Отпуская русского посла, Наполеон спросил у него: по какой дороге лучше всего идти к Москве. «К ней ведут несколько дорог, – с редкой находчивостью отвечал Балашов, – и можно даже взять путь через Полтаву».
Старый французский эмигрант с весьма известным именем, совершивший несколько путешествий по Франции в ту эпоху, когда в ней уже властвовал Наполеон, и который никогда не был представлен императору, находился в Вильне во время вторжения французов. Всем обязанный за себя и за свою семью русскому государю, который проявил к нему в его несчастьях самое благородное великодушие, этот француз испытывал естественное отвращение к тому, чтобы в какой-либо форме приветствовать властелина Европы, врага императора Александра. Тем не менее, так как старинный друг его семьи, близко стоявший к Наполеону, предупредил его, что он будет призван и подвергнут допросу самим Наполеоном, эмигрант этот решил добровольно представиться императору. В назначенный для аудиенции час камердинер ввёл эмигранта и громко назвал его имя в той самой приёмной, где за несколько дней перед тем принимал император Александр.
Наполеон встретил эмигранта приветливой улыбкой, сказал, что он был осведомлён о его последней поездке в Париж и, прохаживаясь с ним вдоль и поперёк комнаты, поставил ему следующие вопросы:
– Вы видели здесь императора Александра?
– Я имел честь представиться ему.
– Он на самом деле правит государством?
– Он много работает со своими министрами, ему докладывают о всех важных делах.
– Я не то спрашиваю. Пользуется ли он на самом деле полной властью? Не влияет ли на него преобладающий над ним Сенат?
– Сенат в России представляет лишь высшее судебное учреждение, – суд последней инстанции. Насколько мне известно, у Сената нет ни возможности, ни желания бороться против верховной власти.
– Зачем русские так быстро отступили и не захотели попытать счастья в сражении здесь или в окрестностях города? У них в Вильне была позиция, которая обошлась бы мне в двадцать тысяч человек.
– Быстрое наступление французской армии, направляемой столь искусными генералами, вероятно, застигло врасплох русское войско, которое не сочло возможным бороться с ней.
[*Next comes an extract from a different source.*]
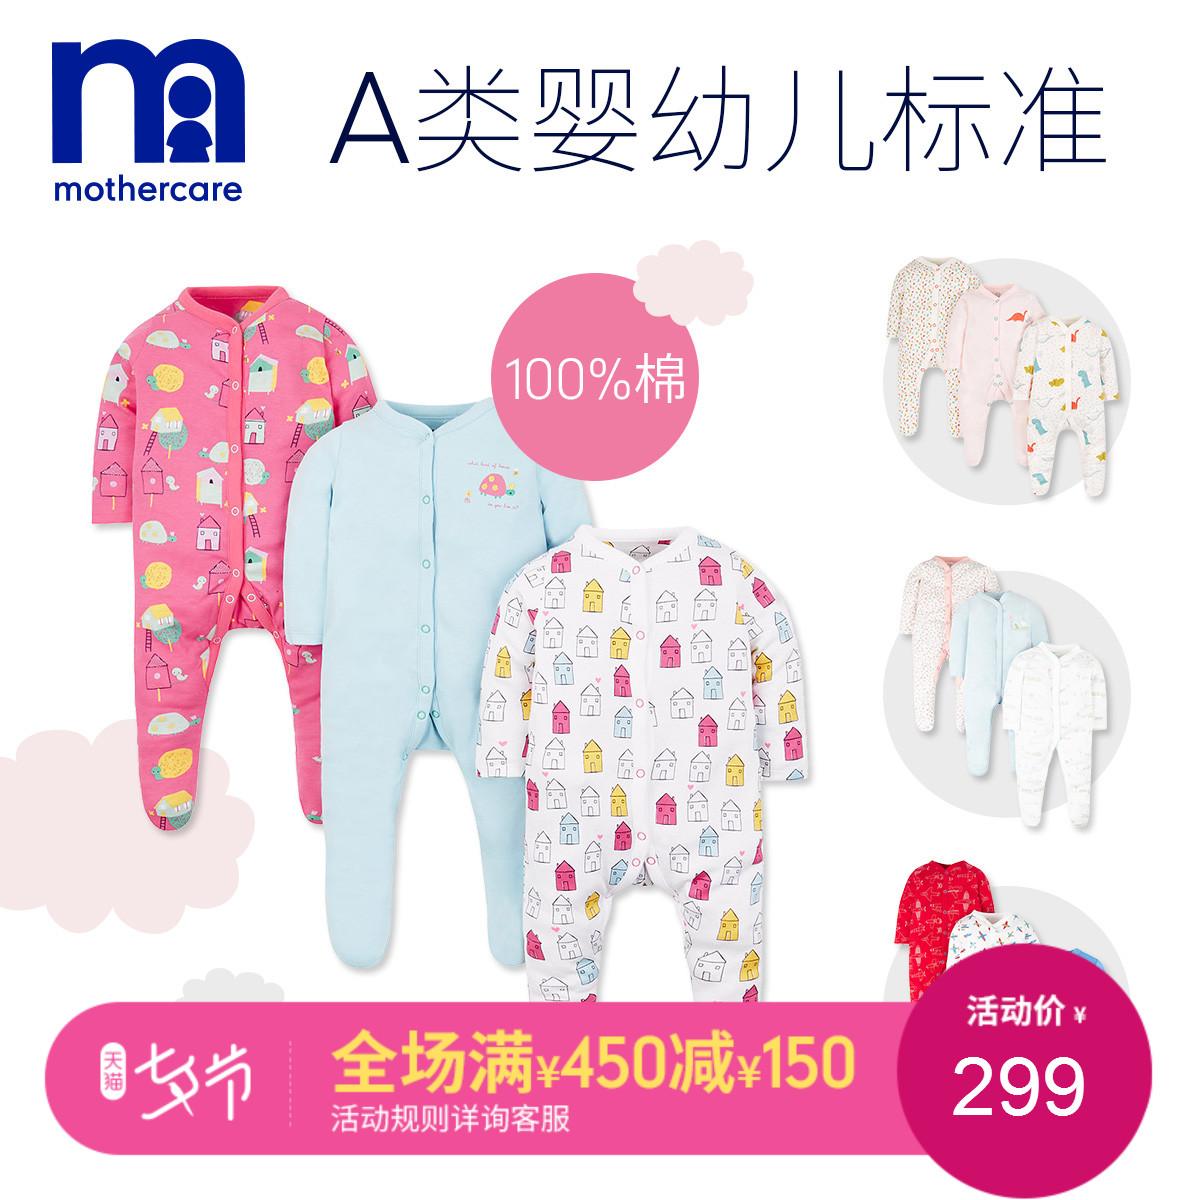 mothercare婴儿春装新生儿宝宝梦幻童话元素图案连脚套连体衣哈衣

– О нет! Вы ошибаетесь. Мы шли совсем не быстро. Меня заставили потерять много времени… Я с сожалением начал эту войну, благодаря которой прольётся много крови. Император Александр, не соблюдавший условий Тильзитского трактата, принудил меня начать войну. Государь этот в своей ранней молодости получил плохое умственное развитие: он воспринял ложные филантропические идеи своего воспитателя, некоего Лагарпа. Поверите ли, в наших беседах в Эрфурте мне пришлось оспаривать его взгляды, будто бы избранное народом правительство более обеспечивает счастье народов, чем наследственная власть. Как будто надо быть божеством, чтобы править людьми! Случайность наследственности пригоднее для счастья людей, чем их собственный выбор.
Подобные слова изумительны в устах такого человека, если только он говорил искренно. Он продолжал в том же духе:
«Император Александр не любит этикета, он почти всегда без свиты. Таких же приёмов держится мой тесть, австрийский император. Он не раз выражал мне своё удивление при виде моей многочисленной свиты. Я отвечал ему, что французам надо импонировать даже внешним проявлением власти, и притом, положение моё совсем иное».
Говоря о литовском дворянстве, он употребил грубое выражение, которое я здесь не повторю. И вообще он не считался с поляками, которые жертвовали ему своим состоянием и своей жизнью. Он писал из Москвы герцогу Бассано, что одни женщины в Польше обладают умом и характером.
В своих инструкциях архиепископу де Прадту он советовал ему главным образом
Глава VII
Во время своего пребывания в Вильне Наполеон потребовал, чтобы дамы явились на приём в замок.
Недомогая нравственно, еще более, чем физически, я хотела уклониться от этого визита, но мой отец указал мне на положение, в котором он находился. Недоброжелательные лица представили его как сторонника русских, и если б не вмешательство неаполитанского короля, он бы даже не попал в представленный Наполеону список граждан.